Dr. Lyons Weiler is a Senior Research Scientist at the University of Pittsburgh where he is the Scientific Director of the Bioinformatics Analysis Core. He earned his PhD at University of Nevada Reno in Ecology Evolution and Conservation Biology. He has published numerous papers with advanced novel methods for genomic proteomic and integromic data analysis. He has taught genetics, population genetics, biology, evolutionary biology, bioinformatics and clinical research principles. He served as the founding Editor in Chief of Cancer Informatics. He serves as a reviewer of peerreviewed journals in the areas of genomics proteomics bioinformatics and clinical decision analysis. He has organized regional and national meetings in bioinformatics.

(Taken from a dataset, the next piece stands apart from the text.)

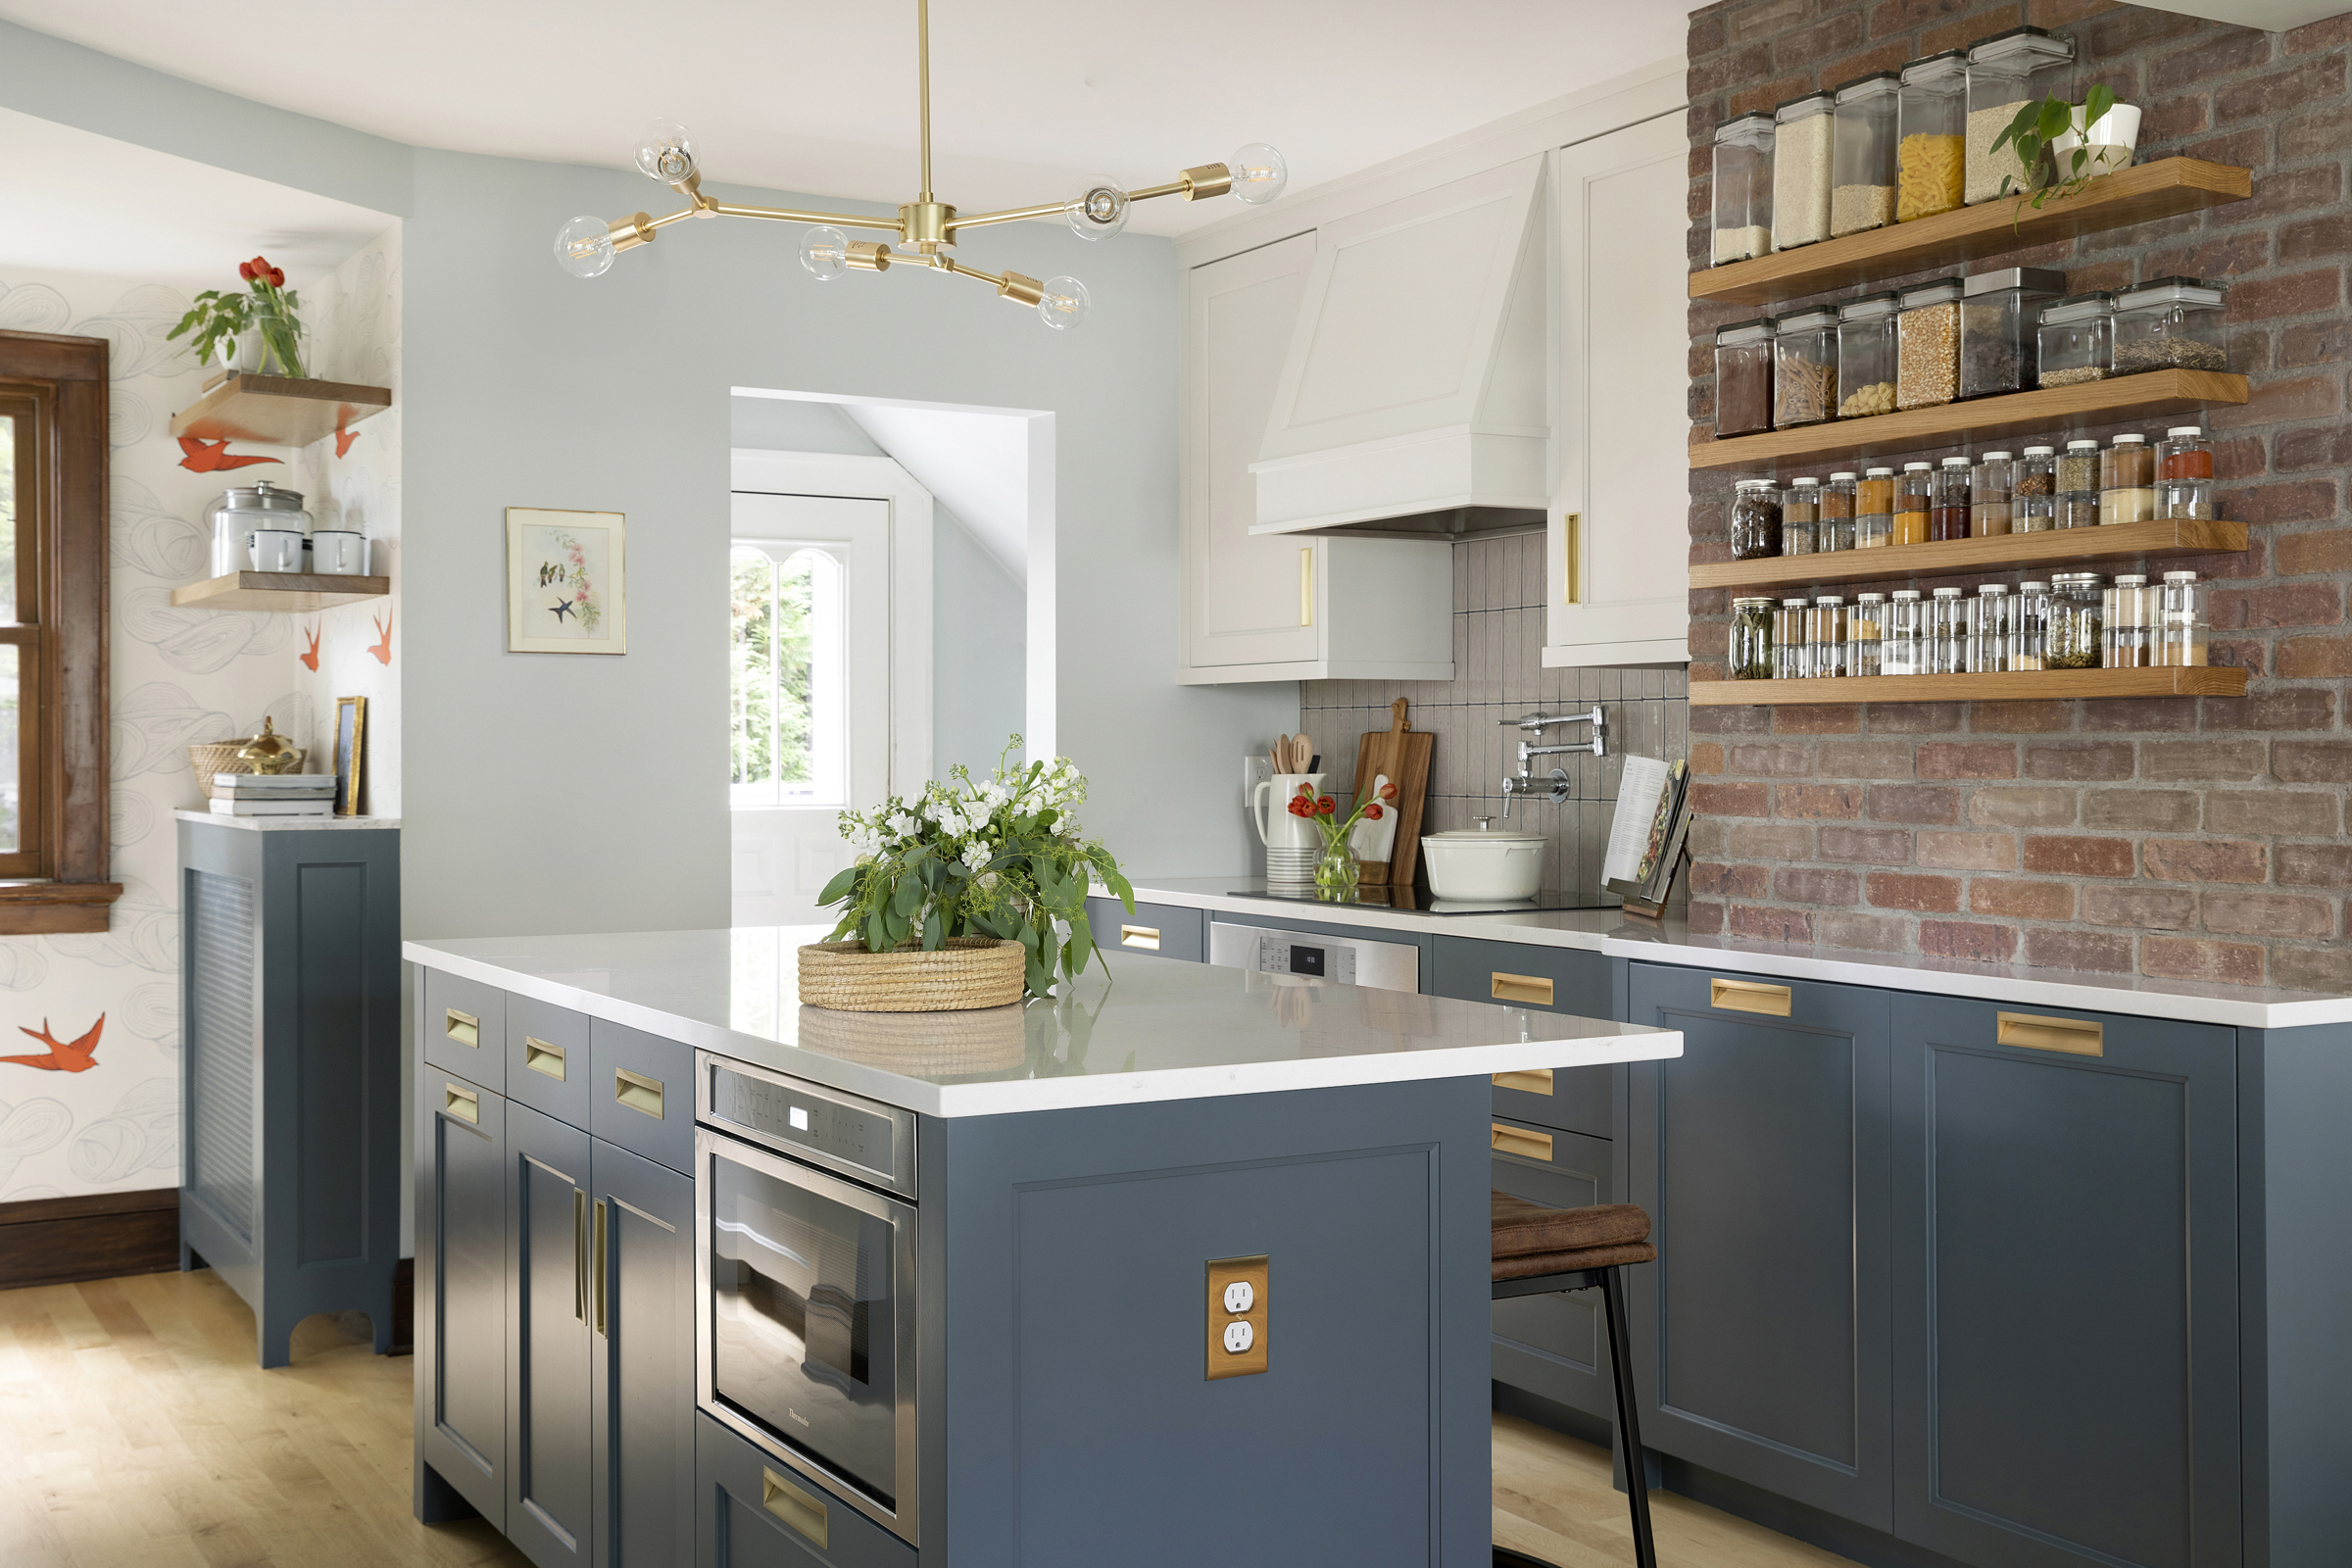 Blue and white custom kitchen with brass recessed cabinet hardware and lighting, orange bird wallpaper, island in small kitchen, brick chimney wall with wood shelves for spice display

He was the recipient of the Sloan/US DOE Postdoctoral Award in Computational Molecular Biology under the tutelage of Dr Masatoshi Nei and Web Miller at the Pennsylvania State University

Research Interest

Past research areas have included the development of novel paradigms for identifying differentially expressed genes in cancers, methods design to optimize the application of methods of high-dimensional data analysis at small sample numbers, development of new methods for machine learning survival analysis, and the development of entirely new paradigm for integrative translational and clinical research. Current research foci include the automation of methods evaluation and selection for high-dimensional data analysis, comparative evaluation of case/control selection methods via multivariate balancing, optimization of mass spectrometry peptide identification via consensus of search engines, development of generalizable survivorship prediction models via machine-learning, and a comprehensive scoring function for lead identification in next generation sequencing studies.